Bicycles Asked by Standaa - Monica side on June 12, 2021
I have been wondering about the different types of spider (or direct mount chainrings) to crank arms and was surprised that I could not find anything spot-on about it.
I kind of know that BMX direct mount chainrings attach to crank arms differently but I am curious about the "other" types.
There is a profusion of information on the spider to chainring mounts – the outer mount (e.g BCD 110) – but not much on the inner mount – the spider to crank arm mount.
What are the different standards in place when it comes to how the spider mounts to the crank arm ?
If someone wants to write an answer that really runs everything down, I would applaud that. But it would probably be out of date the following week.
What I will say is this: for the most part, every current big crank manufacturer has their own direct mount standard, for which one can buy either a direct mount chainring or a spider adapter. Shimano, SRAM, Race Face, FSA, and Cannondale are all examples I can think of off the top, and there's more. You can get in the weeds quickly these days if you get a direct mount ring or spider that's made for anything else but the specific crank and specific rear end spacing you're working with.
For the most part, there is no cross-compatibility. There are a couple cases where two different manufacturers use the same physical interface. Cannondale and FSA are like that. The spline pattern and the lockrings are the same. But what's important to understand is that even if the interface is the same, chainring offset considerations will sometimes dash any hope of cross-compatibility with using a ring or spider intended for one crank on a different one.

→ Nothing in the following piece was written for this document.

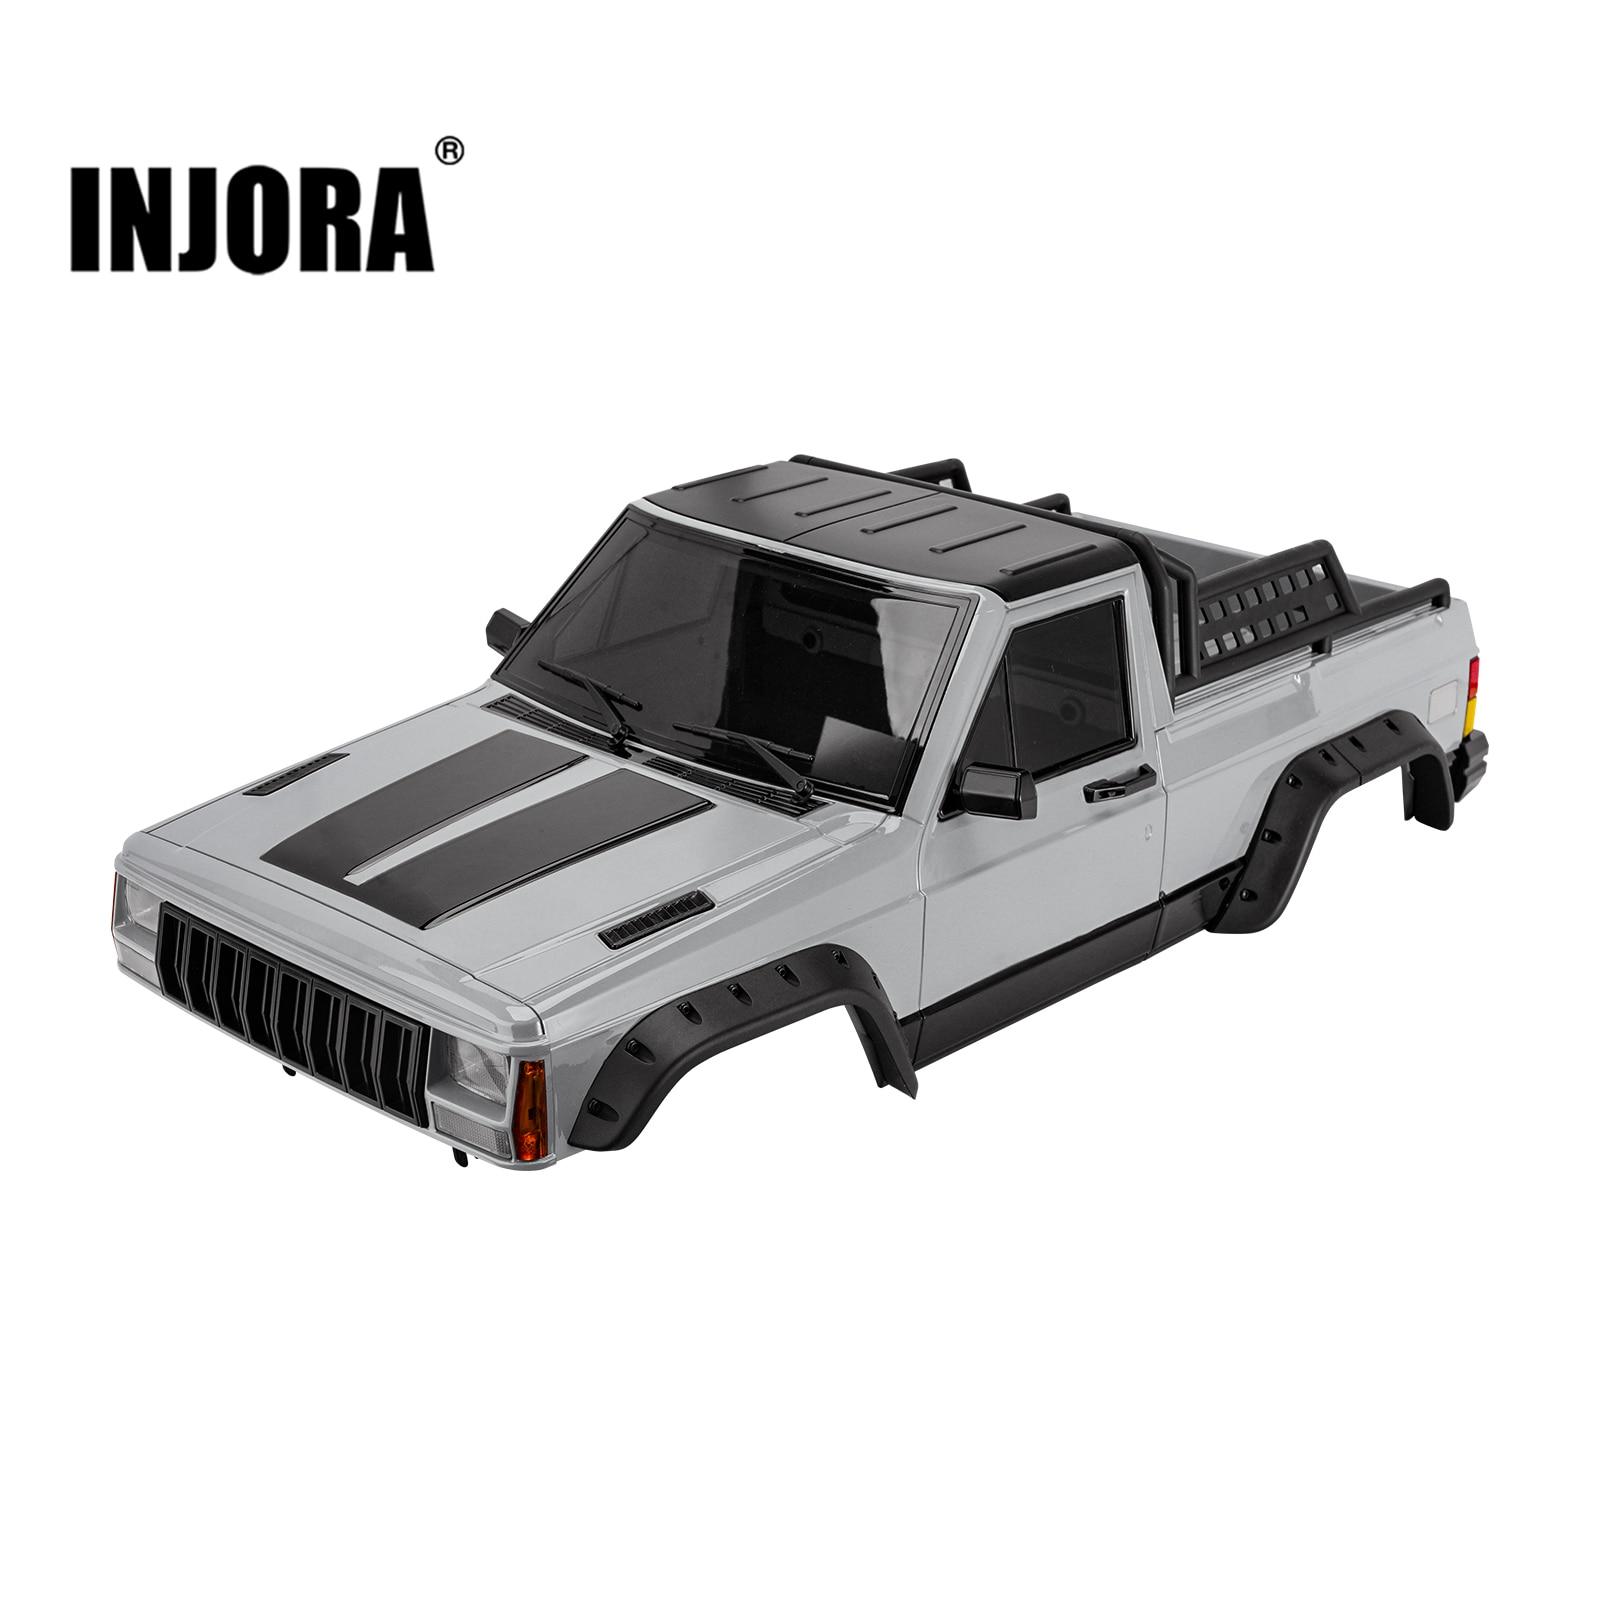 INJORA-Cherokee-Pickup-Truck-Body-Shell-Kit-313mm-Wheelbase-for-1-10-RC-Crawler-Car-Axial.jpg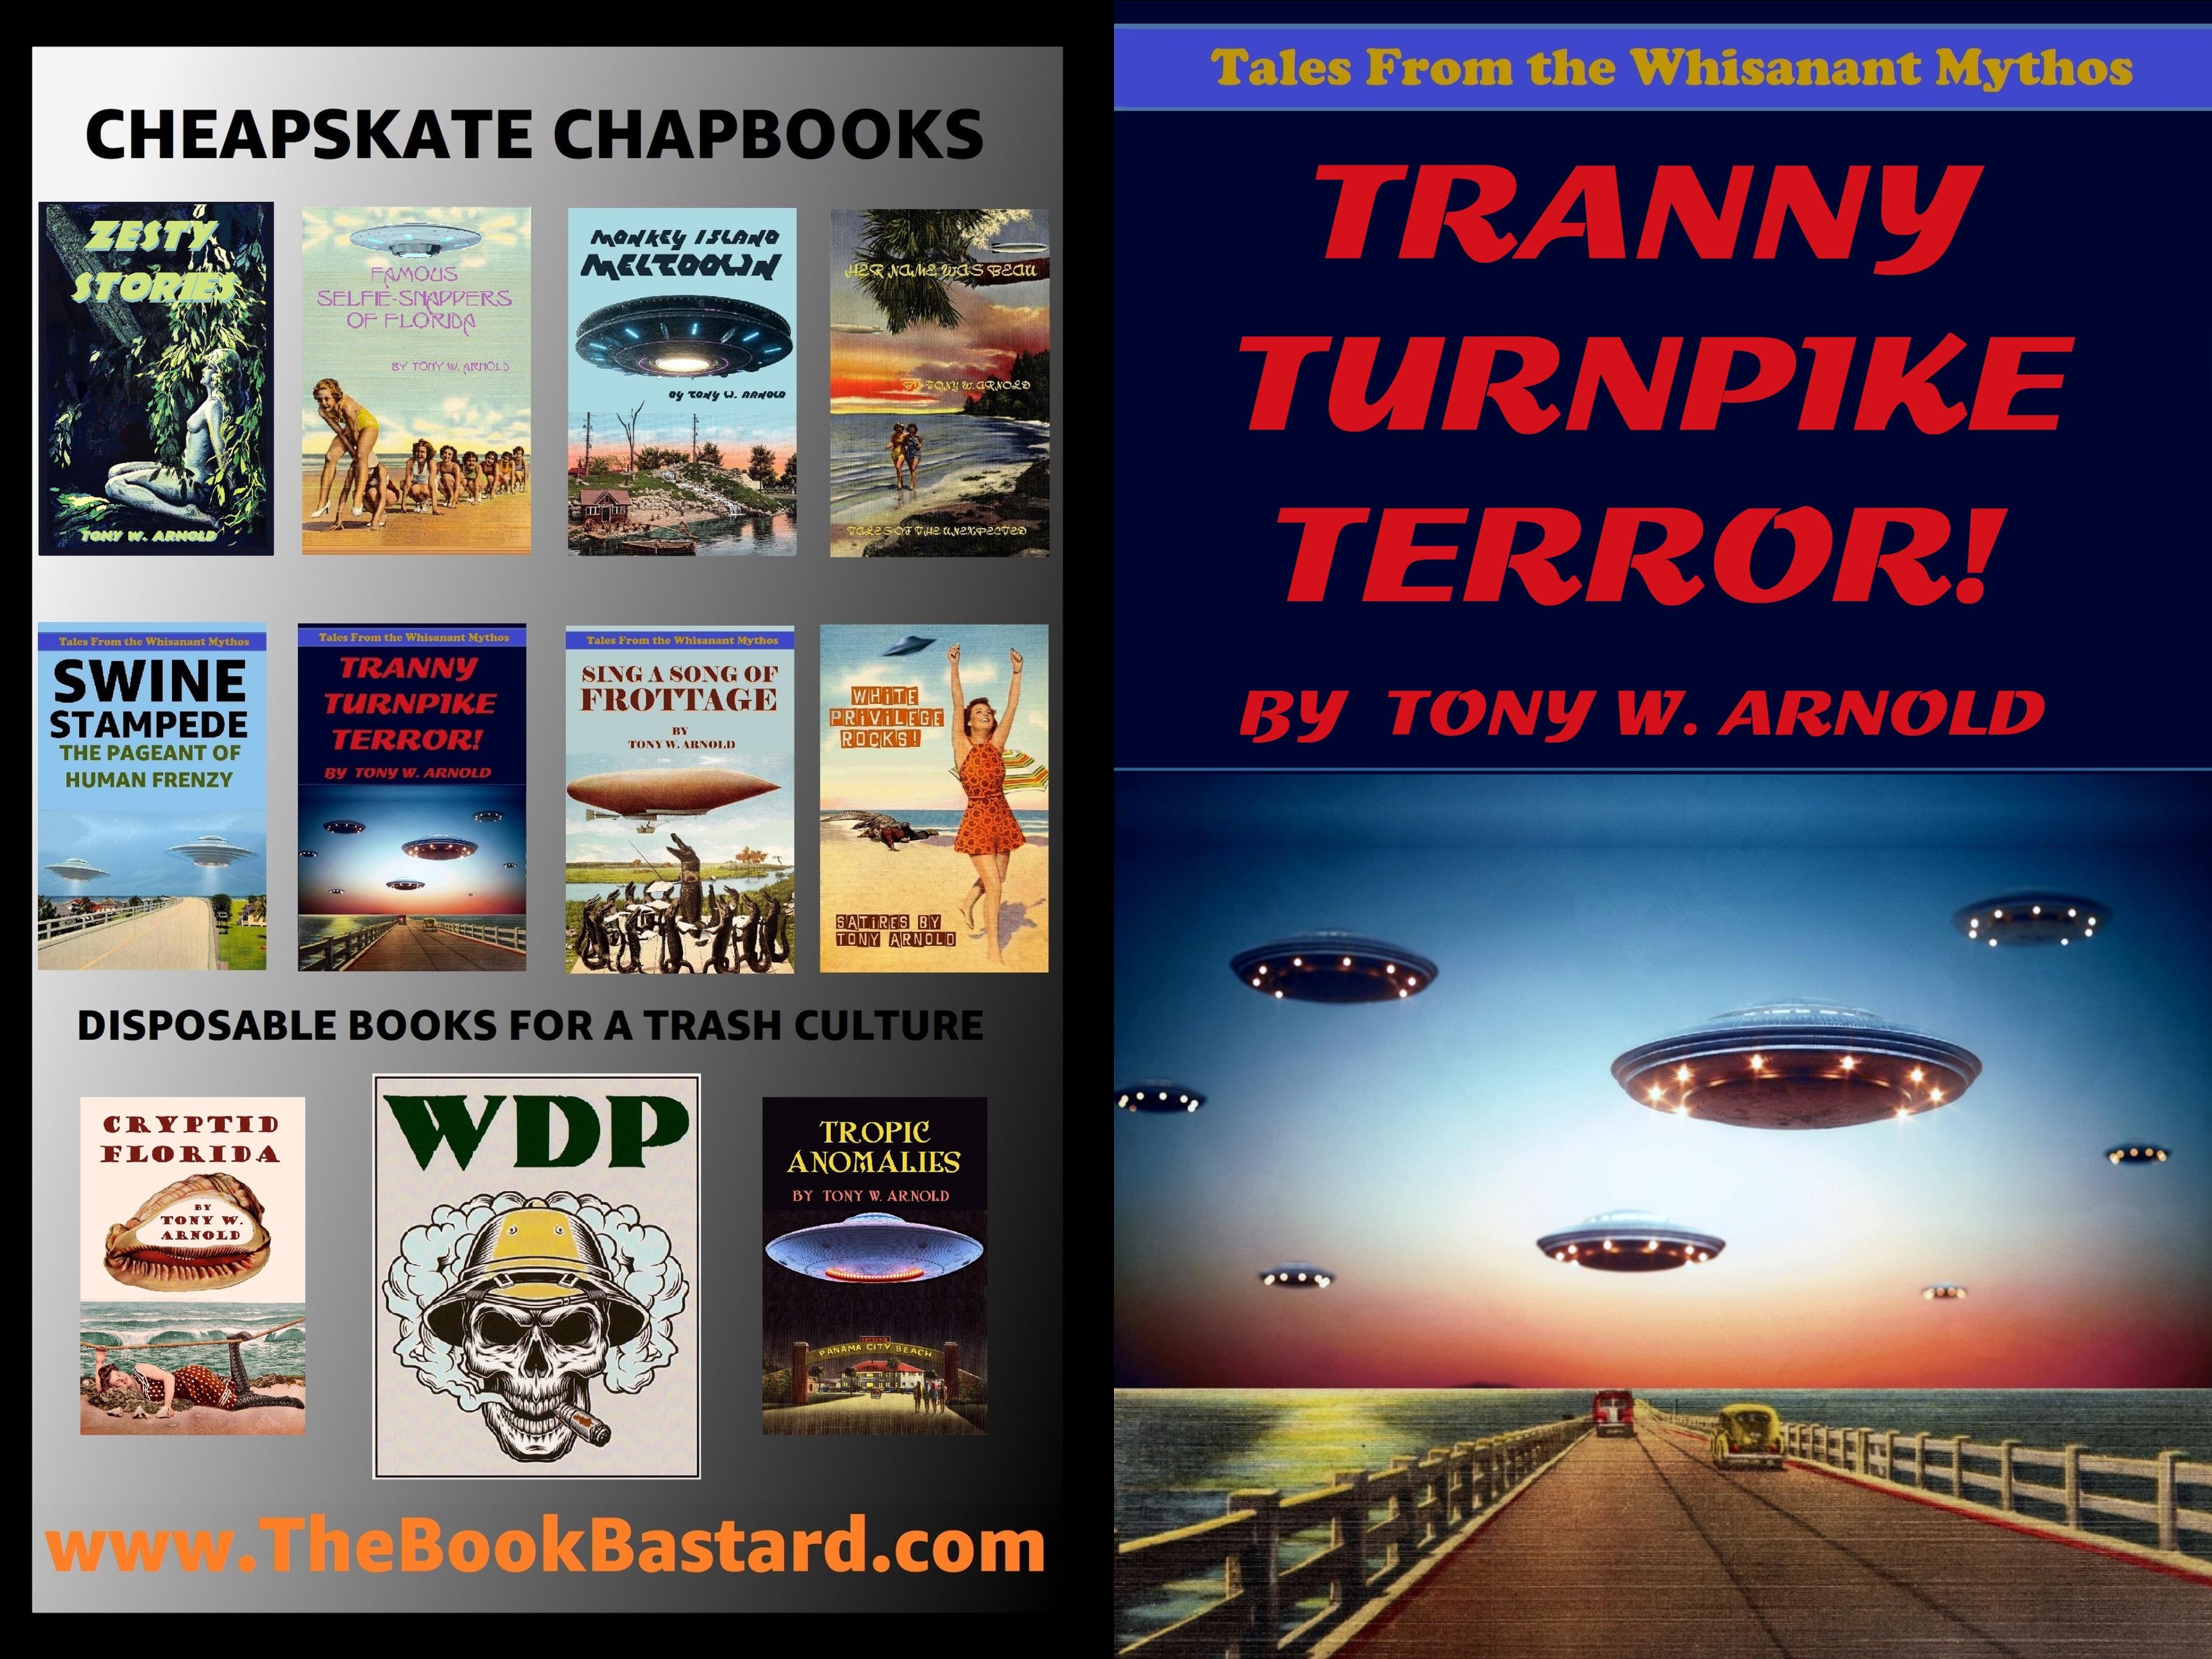 Tranny Turnpike Terror! cover image

Whether that's true and why gets into a larger discussion of the decisions manufacturers now make in making their cranks and attempting, or not, to create arm compatibility among the different rear end spacings and drivetrain types.
Wolf Tooth and OneUp both make third party rings for these sorts of cranks, and you can often figure out what you need to know from studying their sites.
Correct answer by Nathan Knutson on June 12, 2021
We need to disambiguate some terminology first. It's obvious what a chainring is. For a long time, I think that when people said "crankarms," they meant the crank arms plus the spider - that is, the arms that you bolt the chainrings to. The arms and spiders were forged (aluminum) or laid up (carbon) together. The picture below is a Shimano Dura Ace 9000 crankset.
Direct mount chainrings are different. Here, the spider is forged or stamped together with the chainring. "Crankarms" in this context refers to the arms without the spider. The picture below is a Shimano XTR M9100 chainring. It fits via a splined interface to the crankarm with a lockring.
I'm not sure that all BMX chainrings are direct mount; a quick Google search shows some that would bolt to a traditional crankset (with spider). I know that direct mount is much more prevalent on MTB cranksets than on the road. SRAM has shifted to direct mount cranksets starting, I think, with their current generation of road cranksets (Red and Force 12s AXS). Shimano and Campagnolo still use the traditional arrangement.
So, broadly speaking, there are two types of cranks, the more traditional type and direct mount. For traditional cranks, the standards in question would be the various bolt circle diameters; current generation road have sort of settled on 110mm, but Shimano and Campagnolo have different 4-arm geometries. SRAM used 5-arm 110mm cranks for some time before changing to direct mount.
For direct mount cranks, the standards in question are the splined interface. I know that SRAM has one standard. I believe that Race Face and Easton, which have the same corporate parent, share a different standard. I can't remember if Cannondale either have a proprietary spline standard, or that Race Face/Easton share it (in some sense, we can also thank Cannondale for press fit bottom brackets, as they were an early mover). I am fairly sure that Rotor, which is a niche crankset and chainring maker and a proponent of oval rings, has at least one of its own standards. In their case, that standard enables you to rotate Rotor's own oval rings to your preference. Shimano also has its own spline standard.